Let $f:\Bbb{R}^2\to \Bbb{R}$ such that the partial derivatives of $f$ exist. Let $x(t),y(t):\Bbb{R}\to\Bbb{R}$ be differentiable functions and let $g(t)=f\left(x(t),y(t)\right)$. Show that $g$ is differentiable and $g'(t)=\nabla f\left(x(t),y(t)\right)\cdot{\left(x'(t),y'(t)\right)}$.
My try: We want to show that $g$ differentiable, hence we need to show that the limit $\displaystyle \lim_{h\to 0}\frac{g(t+h)-g(t)}{h}$ exists. Using the definition of $g$ we need to show that $\displaystyle \lim_{h\to 0}\frac{f\left(x(t+h),y(t+h)\right)-f\left(x(t),y(t)\right)}{h}$ exists. How should I continue?

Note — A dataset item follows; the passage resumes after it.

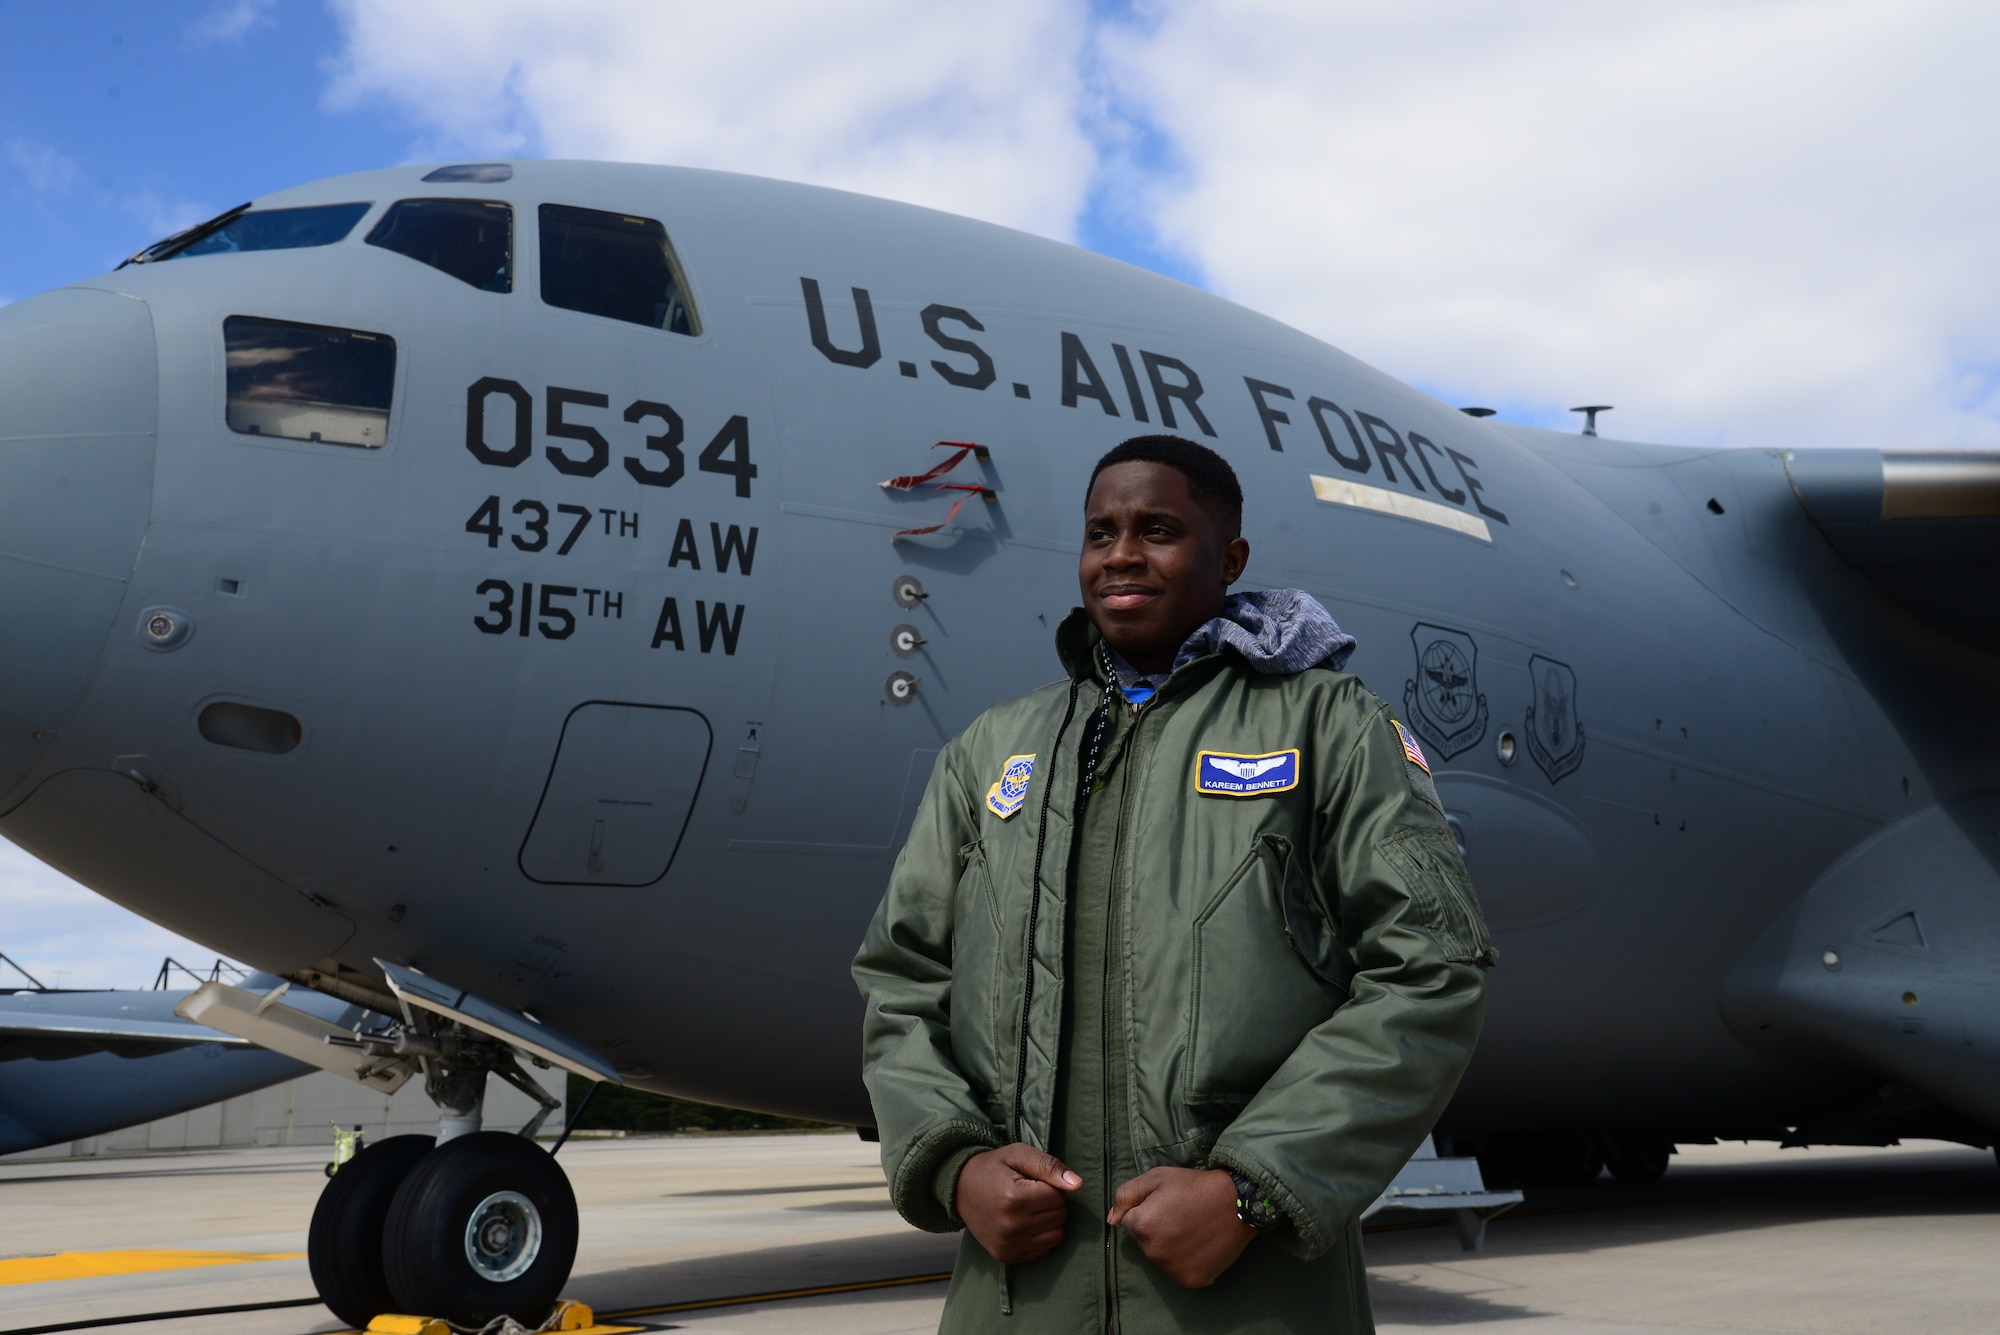 Kareem Bennett, 3rd Airlift Squadron honorary pilot for a day, stands in front of a C-17 Globemaster III March 16, 2018, on the flightline at Dover Air Force Base, Del. Bennett, a patient at Alfred I. duPont Hospital for Children in Wilmington, Del., was invited by the squadron to spend the day with them and learn what the Air Force is all about. (U.S. Air Force photo by Staff Sgt. Aaron J. Jenne)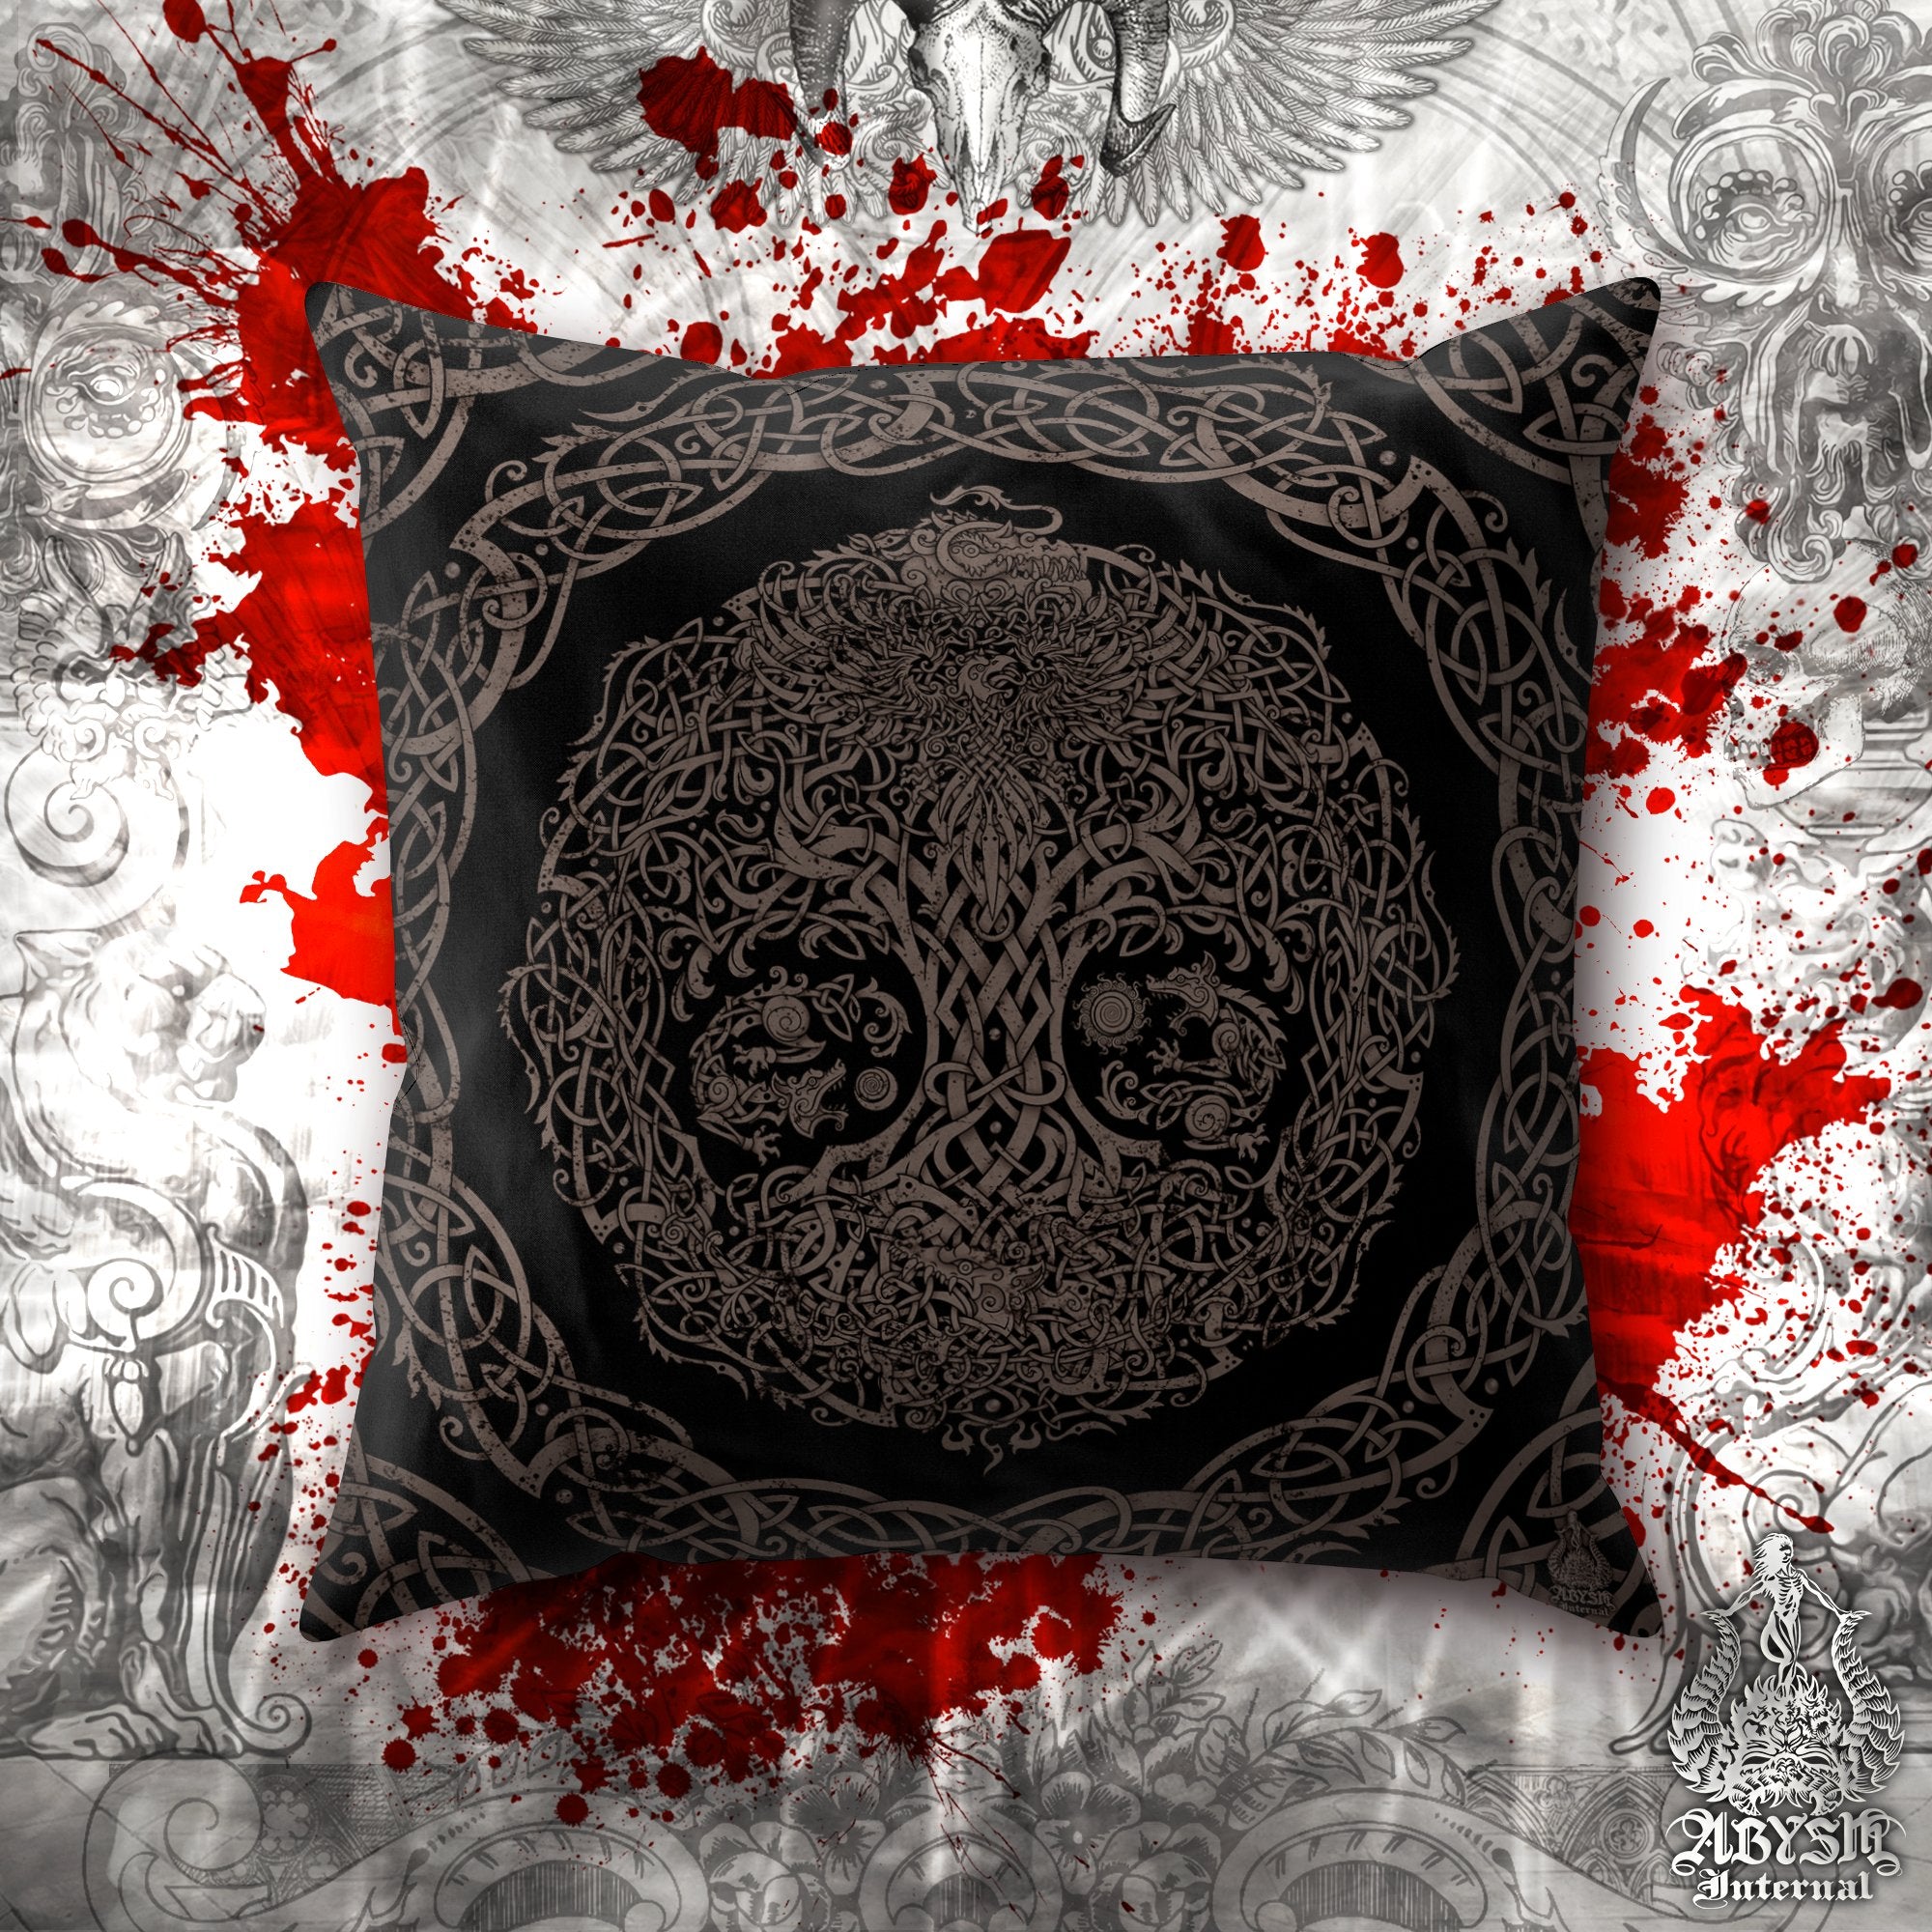 Yggdrasil Throw Pillow, Decorative Accent Pillow, Square Cushion Cover, Viking Mythology, Norse Home Decor, Nordic Art - Tree of Life, Black Grey Grit - Abysm Internal

Use the chain rule. Referring to your previous question...
You have $g(t)=f({\bf r}(t))$ where ${\bf r}(t) = (x_0,y_0)+t{\bf u} = (x_0+tu_1,y_0+tu_2)$.
You are given that $f$ is differentiable. ${\bf r}$ is linear and thus differentiable. Thus $g$ is differentiable as well.
Notice that ${\bf r}'(t) = {\bf u} = (u_1,u_2)$. The chain rule states that $g'(t) = f_x({\bf r}(t)) u_1 + f_y({\bf r}(t)) u_2$.
Plugging in $t=0$ yields: $g'(0)=f_x({\bf r}(0))u_1+f_y({\bf r}(0))u_2 = f_x(x_0,y_0)u_1+f_y(x_0,y_0)u_2=\nabla f(x_0,y_0) \cdot {\bf u}$
You already know that $g'(0)=D_{\bf u}f(x_0,y_0)$ so done. :)